Republican Sen. Rand Paul, an ophthalmologist from Kentucky, grilled Monarez on Covid-19 shots and CDC’s hepatitis B vaccine recommendations — both of which appear on the CDC vaccine advisers’ agenda this week — saying there is “no medical reason” to vaccinate children against hepatitis B shortly after birth.

Hepatitis B can be passed from mothers to their newborns. ACIP could recommend this week that parents delay those immunizations until age 4. Monarez told Paul, “I was open to the science, I just would not pre-commit to approving all the ACIP recommendations without the science.”

Former CDC director disputes Kennedy’s comments on meeting

During Wednesday’s hearing, Monarez disputed that she lied to Kennedy or told him that she was an untrustworthy person, as Kennedy said earlier this month.

“I told her that she had to resign because I asked her, ‘Are you a trustworthy person?’ And she said, ‘no,’ ” Kennedy told the Senate Finance Committee on September 4.

Monarez told a different version of events on Wednesday, saying Kennedy had grown “very concerned” that she had spoken to members of Congress and told her not to do it again.

“He told me he could not trust me because I had shared information related to our conversation. … I told him, ‘if you cannot trust me, then you can fire me,’ ” she said.

Monarez and Houry also told senators that they fear for the safety of CDC staff amid anti-vaccine rhetoric and a recent shooting on the agency’s campus.

A gunman who expressed distrust of vaccines and public health officials fired nearly 500 rounds on the CDC campus on August 8, killing police Officer David Rose.
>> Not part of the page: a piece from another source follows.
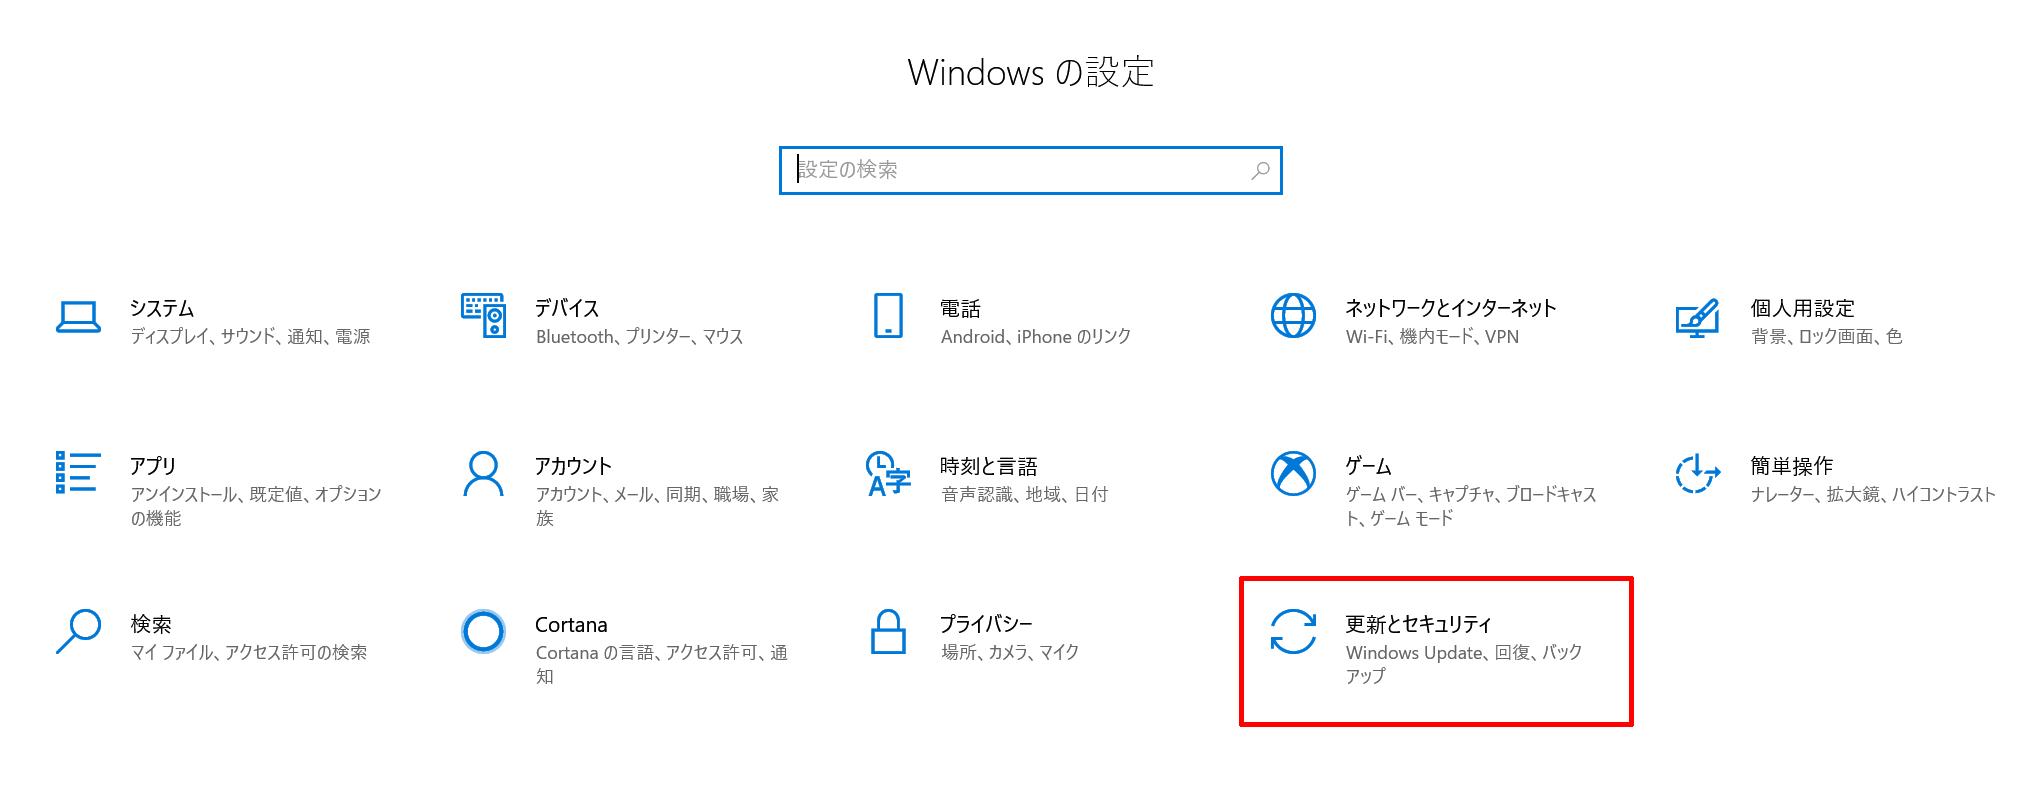 windowsの設定の中にある更新とセキュリティをクリックする

Roughly 180 rounds hit CDC buildings, Houry said.

“Each bullet was meant for a person, and each of my staff were very traumatized afterward,” Houry said.

Houry told senators that CDC staff have since feared speaking publicly about their roles, or want their names removed from scientific papers “because they feel they were personally targeted because of misinformation.”

Monarez told the committee that she had been subject to personal threats and expressed alarm about broader divides about the safety of vaccines.

“I am very concerned that the further promulgation of misleading information will undermine not just the safety and health of our children but will also exacerbate these tensions,” she said.

CNN’s Adam Cancryn contributed to this report.